Start with five dice, roll all of them, and you must take away at least one die from the pile; that is your score. If you roll a three it counts as a zero in the summation of the total score and the lowest score wins. After you roll the original five dice and have removed at least one, you can choose to reroll the rest, and this process continues until the last die.

For example, rolling the following: 2, 3, 3, 1, 4 is a score of 7 as threes are counts as zeros. Also if I roll 3, 6, 6, 6, 6, I can keep the 3 and reroll the four 6 results in an attempt to get a lower score. In this example the next roll could have 4, 1, 2, 2 and I would have to take at least one away so I would take the 1, for a score of zero(3) + 1, and then reroll the remaining three dice.

SO I could luck out and with rerolls ("with replacement" I guess) and get a score of zero. And preferably I would want to get the lowest possible score.
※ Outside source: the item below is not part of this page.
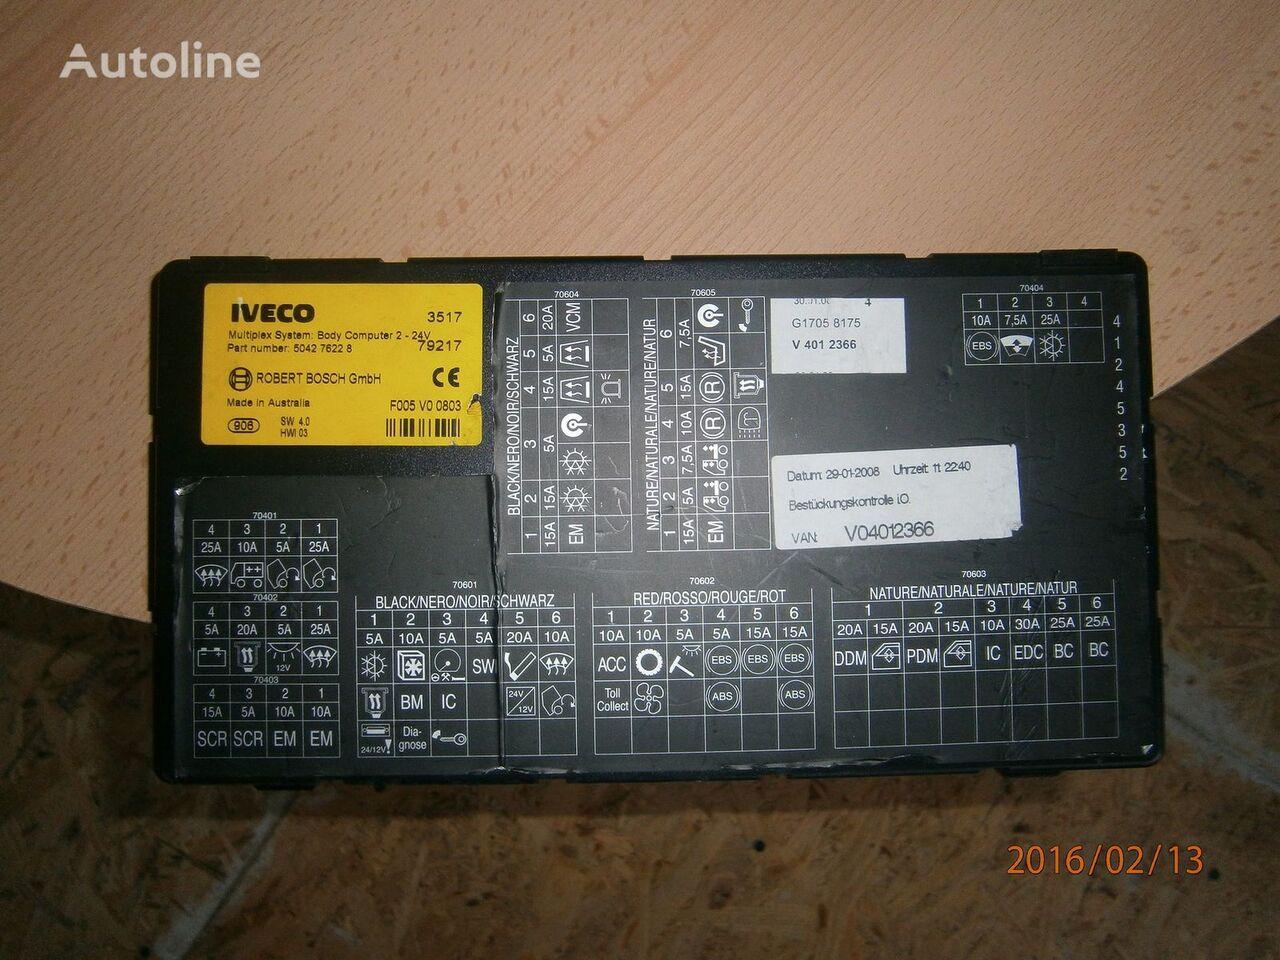 блок управления  Iveco Stralis EURO5 Multiplex system body computer 504276228 для тягача IVECO Stralis

How would find the probability of rolling a particular score, and what would the maths look like to to find how many threes I could have rolled in a round. For example how would I find the probability of something like rolling: one 3 in the first round (3,x,x,x,x) and then two threes in the second round (3,3,x,x) and then a two in the third round (2,x) and a one the last roll (4), thus ending the game with a score of 6. (obviously x does knot equal 3).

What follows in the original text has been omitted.